There are many ways in which a child or young person can respond to the death of someone close to them. In this article, Sharon Heselton, a wills, trust and probate lawyer from B P Collins and a bereavement volunteer explores their range of emotions and how best to help.
Shock
For many young people, shock is the initial response when learning that someone close to them has died. However, it can be displayed in many ways. Some may find it difficult to acknowledge the news, others might start to cry uncontrollably, whilst some might want to do a little work to take their mind off things, like tidying up their room. Shock is a very natural emotion to experience, and it allows the child time to process the news in a way that suits them and acts as a short-term barrier before reality starts to hit.
How to help:
- Try not to appear startled if the child’s reaction seems unsuitable to you.
- Reassure them that any feelings of shock and the inability to accept that someone close to them has passed away, is completely normal.
- Explain that someone has died in a clear and simple way, that suits their age and level of comprehension, so they fully understand what has happened.
- Let the child know that you are there to listen and to support them and answer any of their questions.
Denial
A child may respond to a bereavement by being in denial, as it puts off accepting the fact that their loved one will not be coming back.
How to help:
- Recognise that bereaved children need time to process the death and they may not seem to acknowledge that the person has died.
- Have an open conversation with the child and reassure them that they can ask any questions relating to the death.
- If the child seems to be looking for the person who has died, explain, at a level that is appropriate to them, that they are no longer around.
Anger
Some children may find it difficult to talk about their grief. This can be exasperating and could lead to feelings of anger, which can be directed at themselves or others if they believe they contributed in some way to the death or didn’t do enough to prevent it. This anger may also be targeted at the person who has died, particularly if they didn’t get the chance to say goodbye or they feel abandoned.
How to help:
- Reassure the child that it is fine to feel angry.

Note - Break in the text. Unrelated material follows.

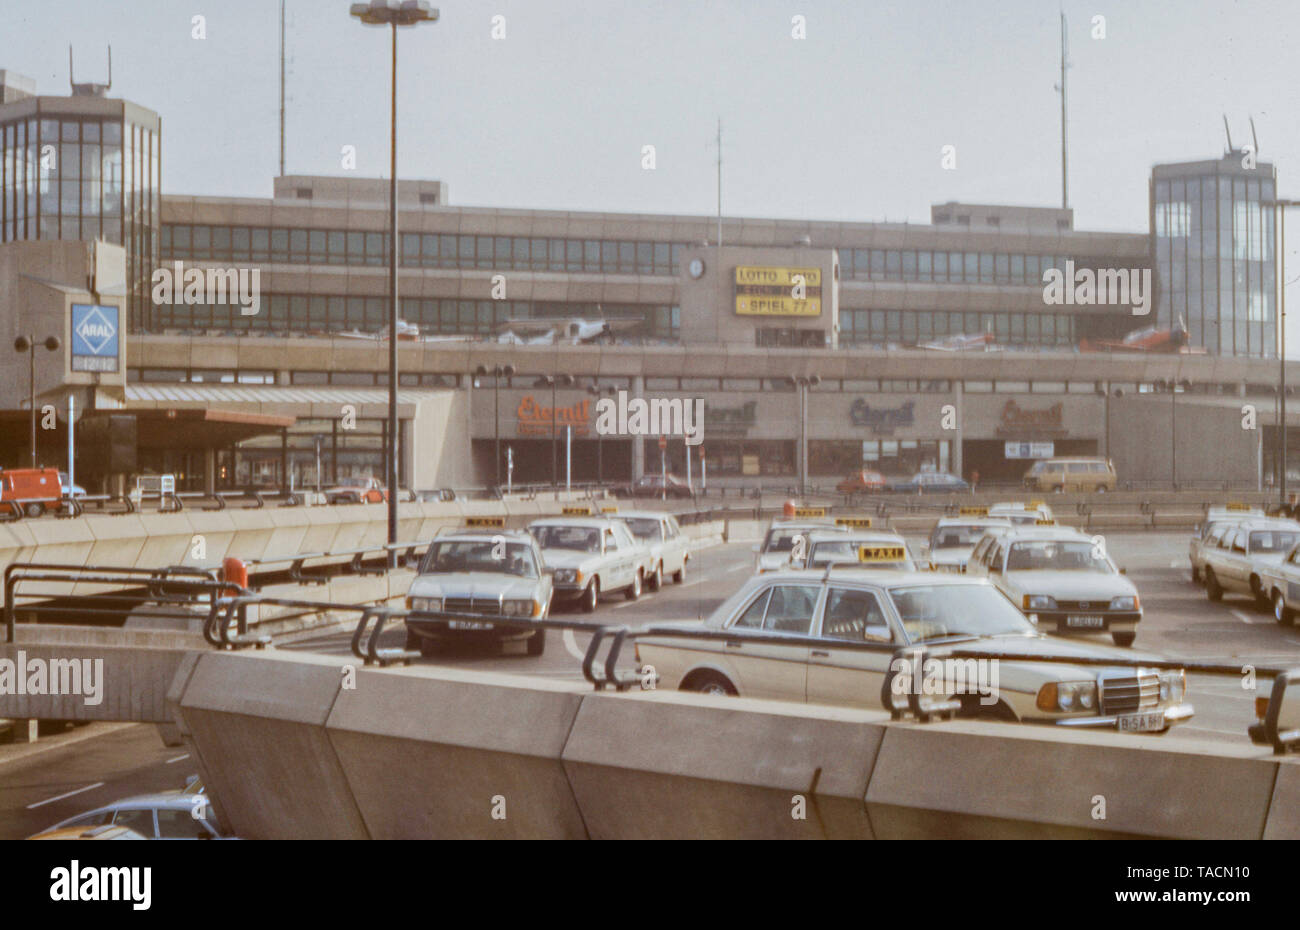 Taxis vor dem Terminalgebäude des Flughafens Tegel TXL während der 80er Jahre (Ca. 1984), Berlin, Deutschland, Europa - Archiv Bild Stockfoto

- Encourage them to vent their emotions by doing a physical activity or direct their frustration towards a cushion or pillow.
- Be a constant presence and show that you will be there for them at all times, even if they direct their anger towards you.
Negotiating
Children may appeal for their loved one to return in exchange for a promise to act a certain way. This can offer a distraction from the reality and pain of their bereavement.
How to help:
- Explain in an age appropriate way that there is nothing that can be done to bring their loved one back.
- Explain that they do not need to be faultless, in order to reverse what has happened.
Guilt
Children may feel guilty if they believe that the death was their fault, or they feel angry at the deceased person for leaving them. Guilt can also happen when they find themselves having a moment of fun or forgetting about their loved one for a while.
How to help:
- Discuss why they feel responsible and explain to the child that the death isn’t their fault in any way. Nothing they did or didn’t do contributed to what happened.
- The child may not always explain how they feel, so it’s vital to look out for signs of anxiety and reassure when needed.
- Encourage the child or young person to talk about their thoughts and feelings as and when they feel they need to.
Depression
Depression can start when the reality hits that their loved one isn’t coming back, no matter what they do. They may lose their appetite, feel sluggish or lose interest in things. Anxiety around losing other loved ones may also lead to depression too.
How to help:
- Depression can knock a child’s confidence so remind them that they are valued and loved.
- Encourage the child to take part in activities that interested them previously and to catch up with their friends when they feel up to it.
- If you are worried about their wellbeing, contact a GP or bereavement counsellor.
Acceptance
Children who have lost a loved one will need time to finally accept that they’re not coming back. To reach this stage, the introduction of a routine and “normal life” is vital, as their bereavement will have already dramatically changed their lives and caused a huge amount of unsettlement, therefore any other alterations are likely to increase their sense of turmoil.
How to help:
- Offer reassurance that it is absolutely fine to enjoy life again and that this will not be disrespectful to their loved one who has passed away. It’s also okay if they don’t think about them all the time too.
- Create activities that will help the child to remember their loved one who has died if they wish to do so.
The guidance in this article shouldn’t be regarded as a substitute for the advice from a trained counsellor. If a child you know has been affected by a bereavement, you can contact Child Bereavement UK on 0800 028 8840 or Hope Again on 0808 808 1677.